Try it =
What the answer must hold is the line containing "MTD warranty Operator’S" and all lines after it through the end of the listing, copied exactly, with pictures left out.

**** Collected data ****

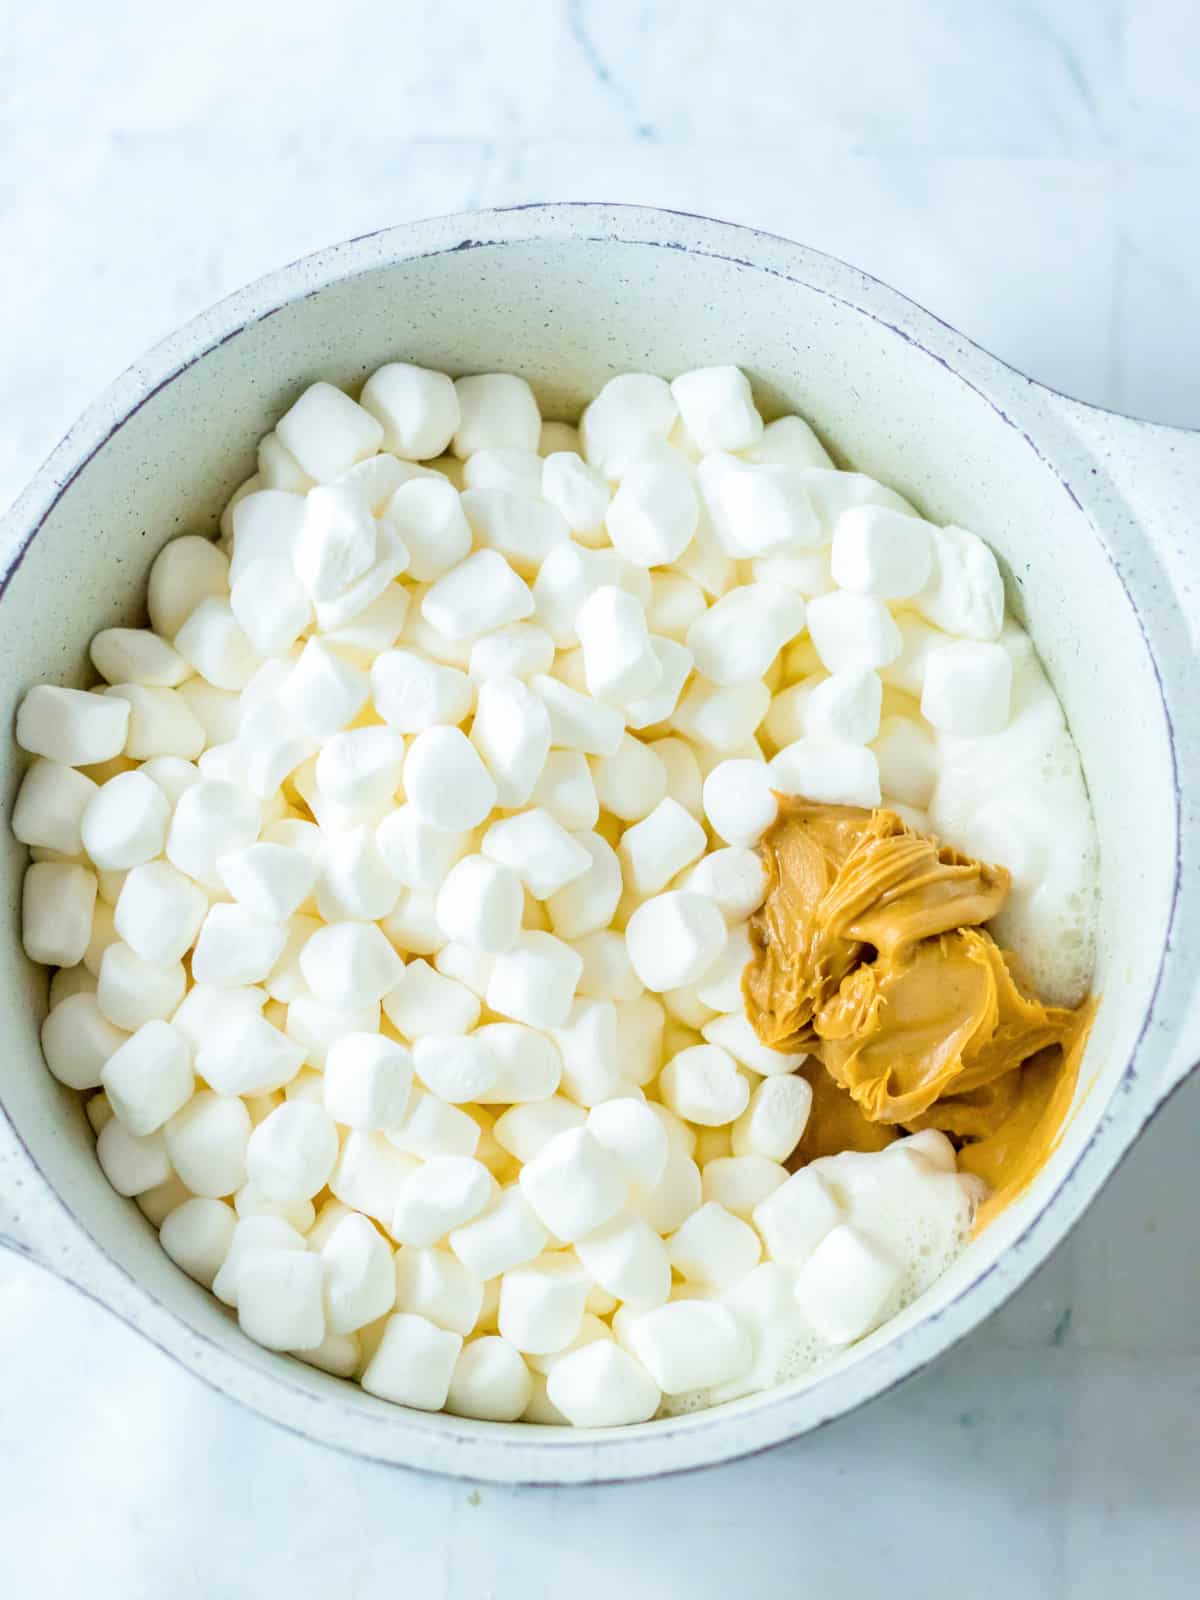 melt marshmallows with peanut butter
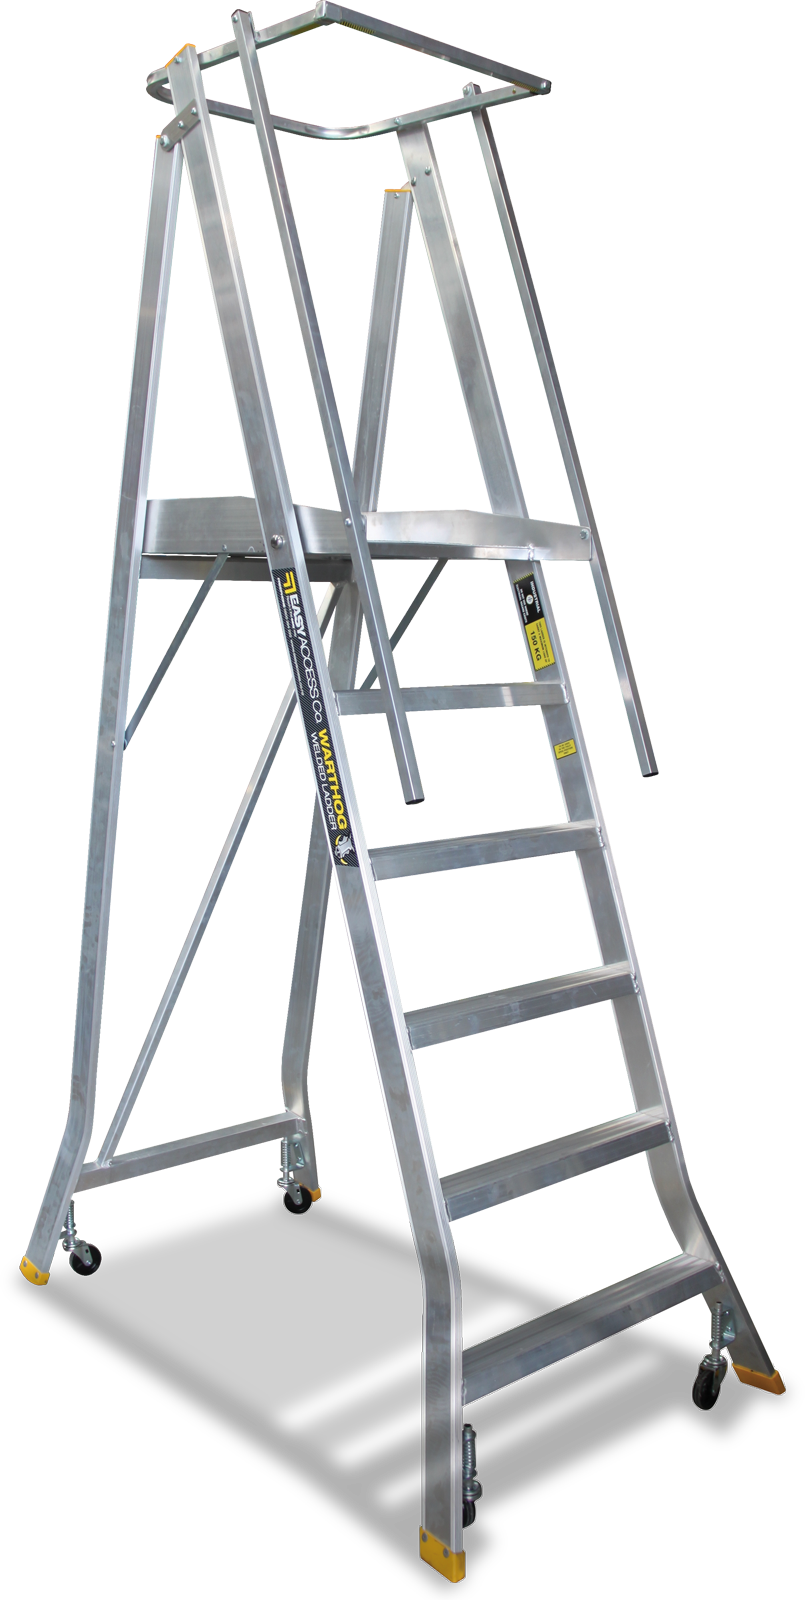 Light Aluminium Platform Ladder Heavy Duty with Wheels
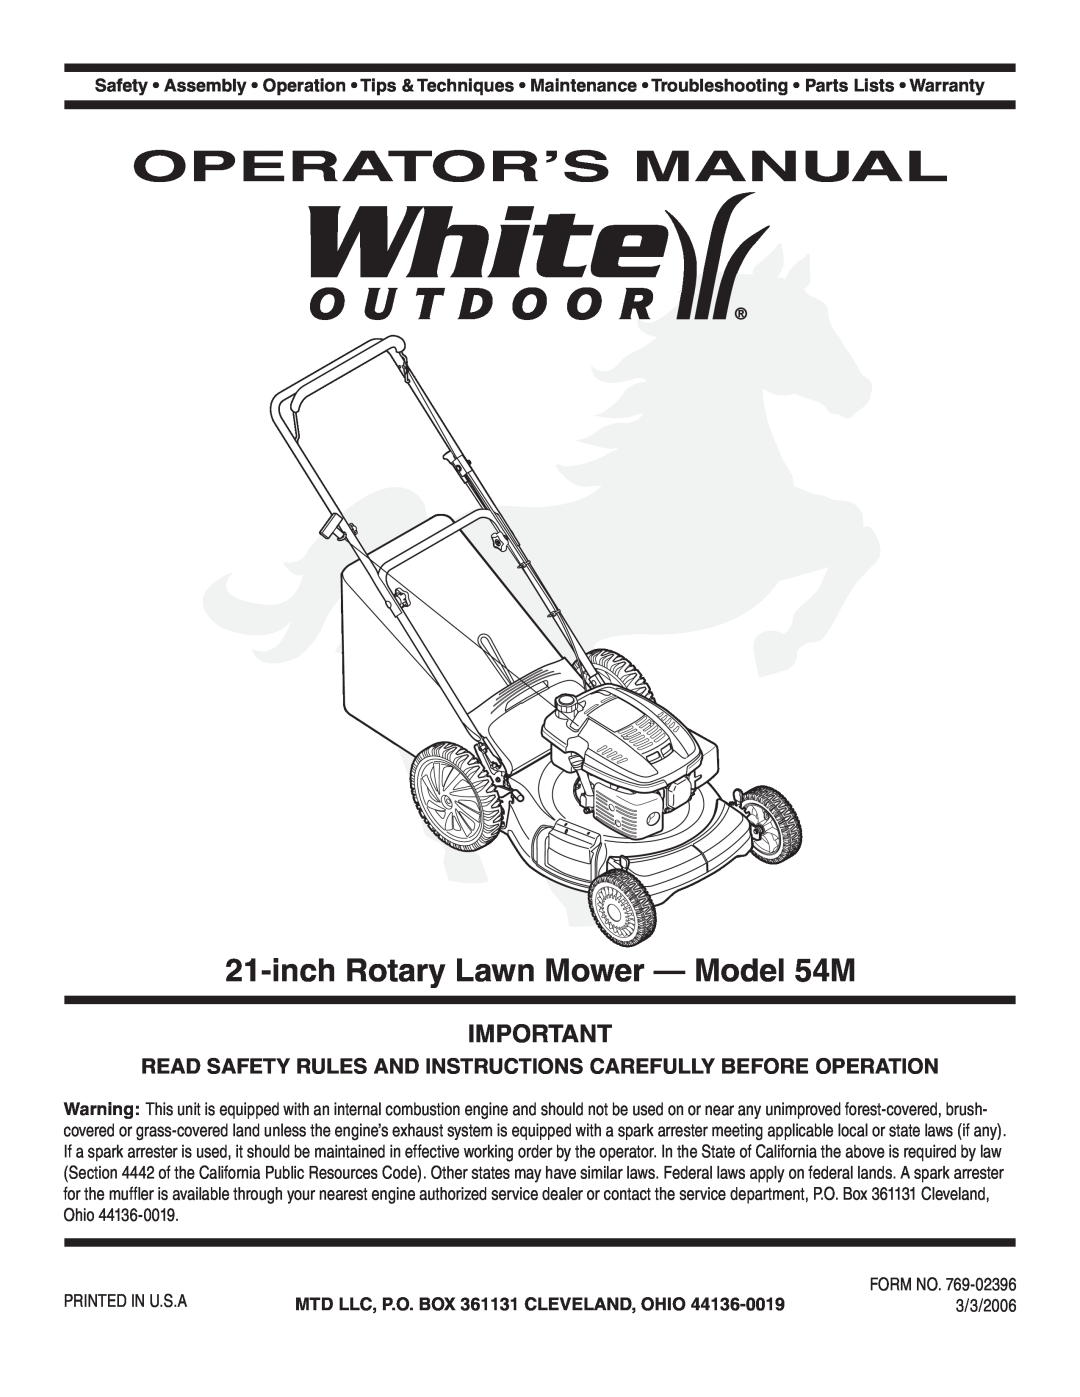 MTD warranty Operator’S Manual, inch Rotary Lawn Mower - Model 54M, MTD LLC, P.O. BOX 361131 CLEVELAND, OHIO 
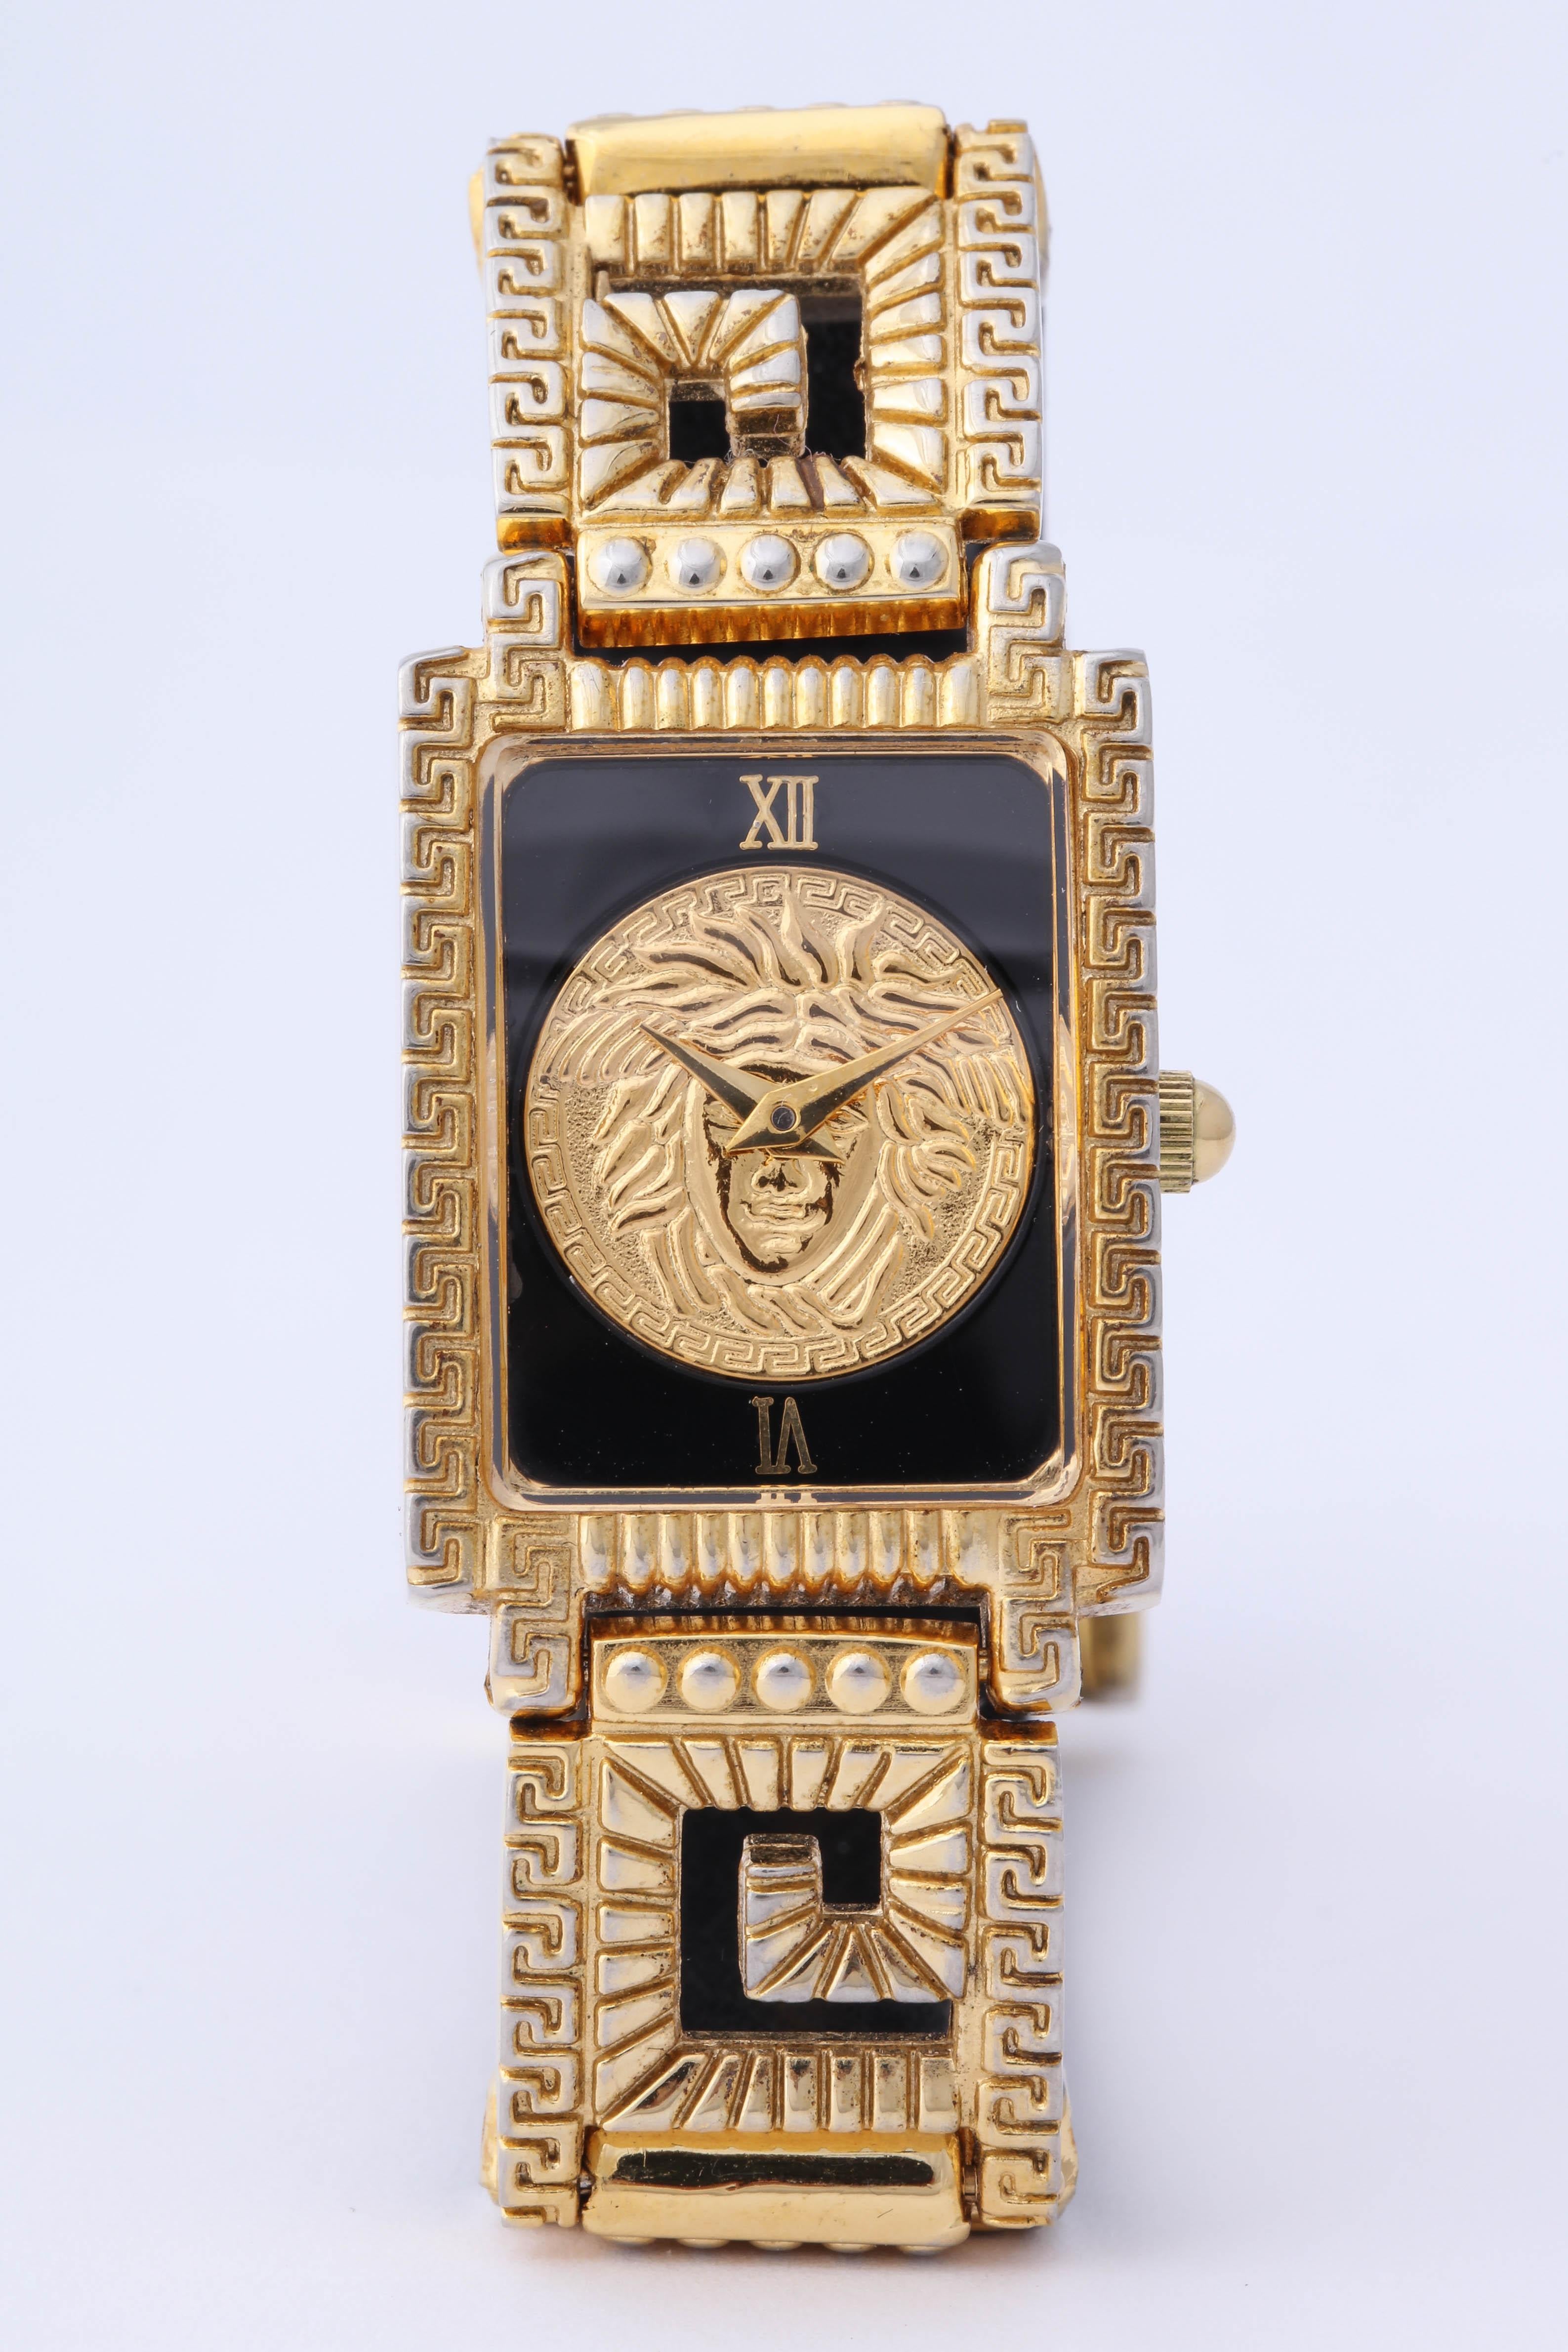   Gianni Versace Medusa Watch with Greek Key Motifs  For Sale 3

****

Output below =
 MTD warranty Operator’S Manual, inch Rotary Lawn Mower - Model 54M, MTD LLC, P.O. BOX 361131 CLEVELAND, OHIO 
   Gianni Versace Medusa Watch with Greek Key Motifs  For Sale 3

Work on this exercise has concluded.